Question: P1 Consider a method for a binary search tree that decides whether the tree is height balanced as defined in section 23.10. A tree is
P1
Consider a method for a binary search tree that decides whether the tree is height balanced as defined in section 23.10. A tree is said to be height balanced or simply balanced if the subtrees of each node in the tree differ in height by no more than 1The header of the method could be as follows:
public boolean isBalanced()
Write this method for the class BinarySearchTree in BinarySearchTree.java. It should call a private recursive method of the same name. isBalanced() must run in O(h) time where h is the height of the tree.
P2
Write a method that checks that the underlying tree is a valid binary search tree.

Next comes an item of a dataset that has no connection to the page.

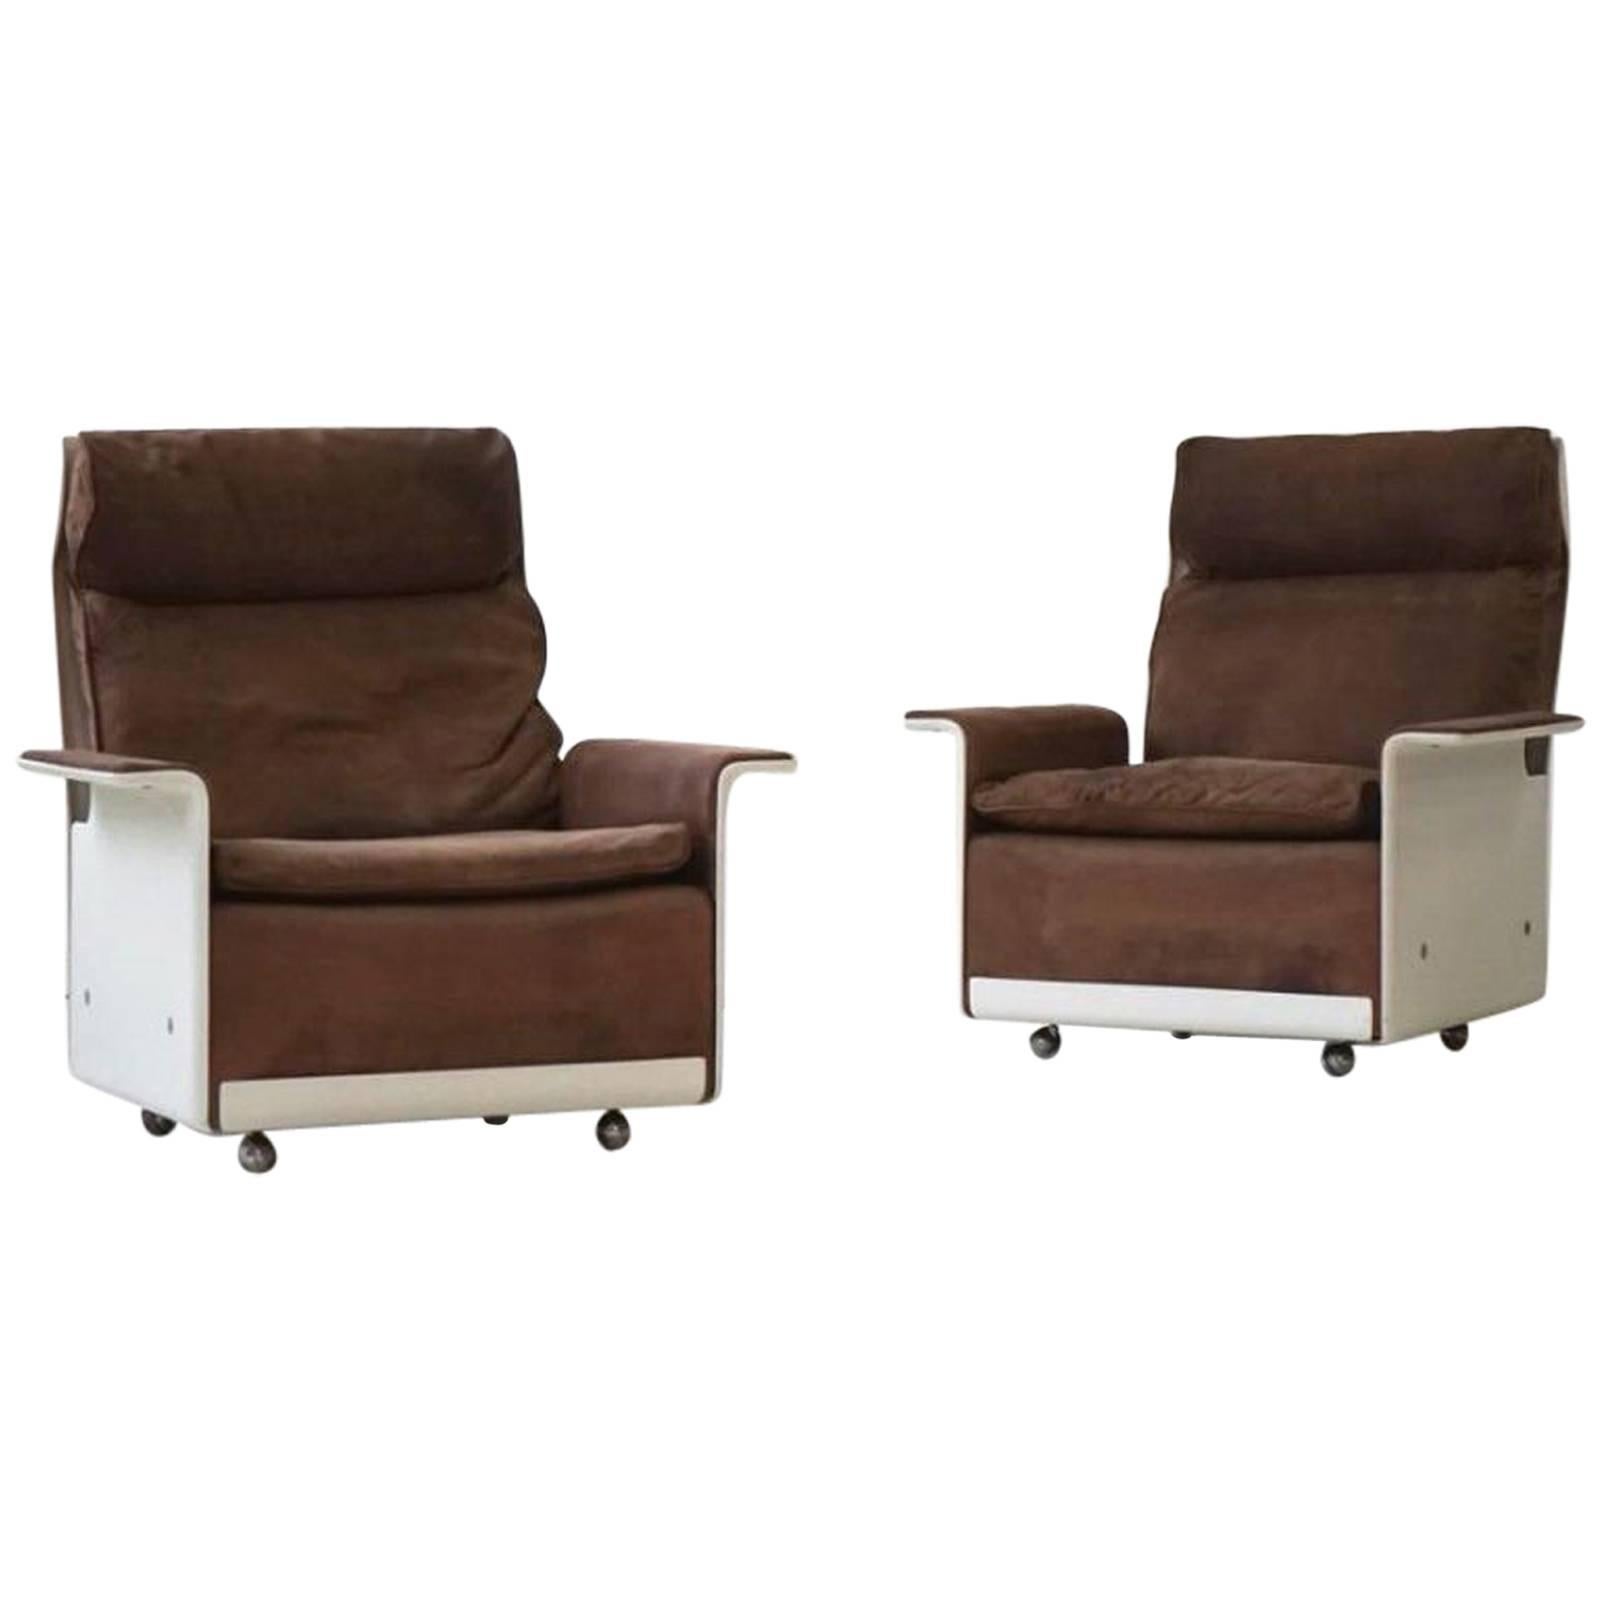 Set of Two Lounge Armchairs Dieter Rams for Vitsoe, RZ 62 620, Nubuck Leather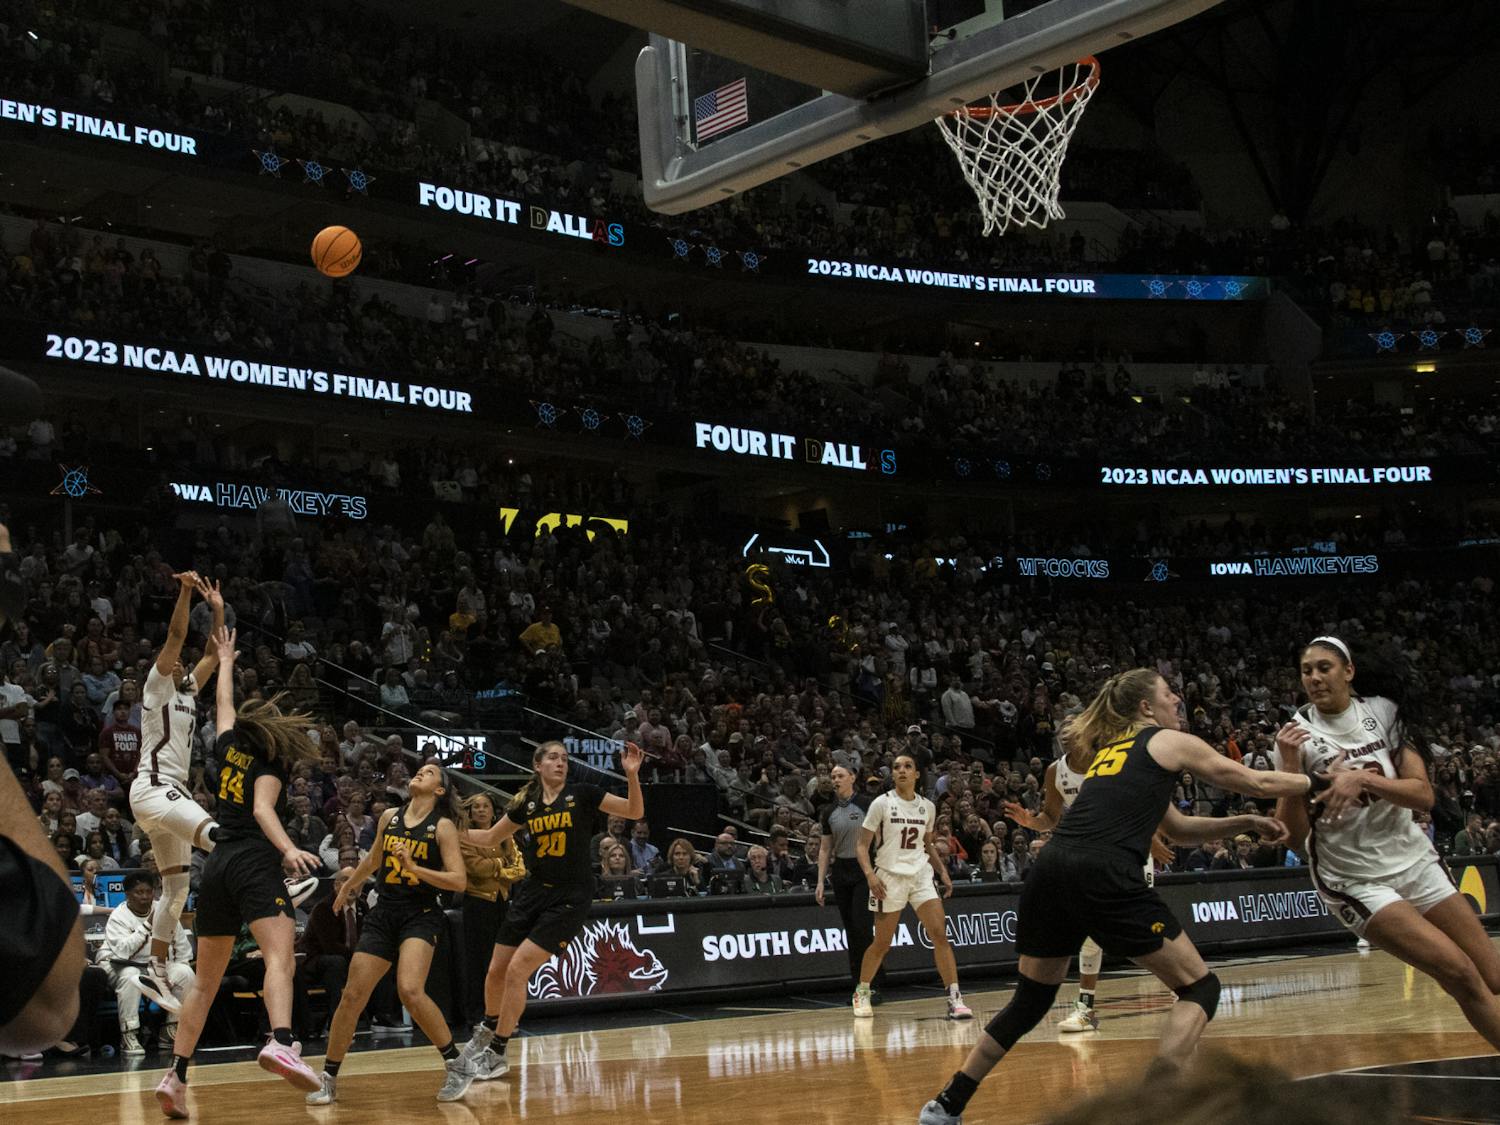 Cooke steps back and attempts a 3-pointer to decrease the score deficit in the Final Four match against the University of Iowa on March 31, 2023. Cooke led her team, making 18 points and five assists in the first half of the game, and was named the Ann Meyers Drysdale Shooting Guard of the Year.

The solution should examine each node in the given binary search tree only once.
The header for the method is as follows:
public boolean isBST()
Add the method to the file BinarySearchTree.java
P3
Implement the following method in BinarySearchTree.java
public T getPredecessor(T entry)
which return the inorder predecessor of entry or entry if its, or entry if its the smallest item in the tree, or null if entry is not in the tree. The solution must run in O(h) where h is the height of the tree.
P4
Statisticians often are interested in the median value in a collection of data. In a collection, about the same number of values are greater than the median value as are less than the median value. When the data is sorted, the median value occurs at the midpoint of the collection. But when the data is not sorted, the median is not as easy to find.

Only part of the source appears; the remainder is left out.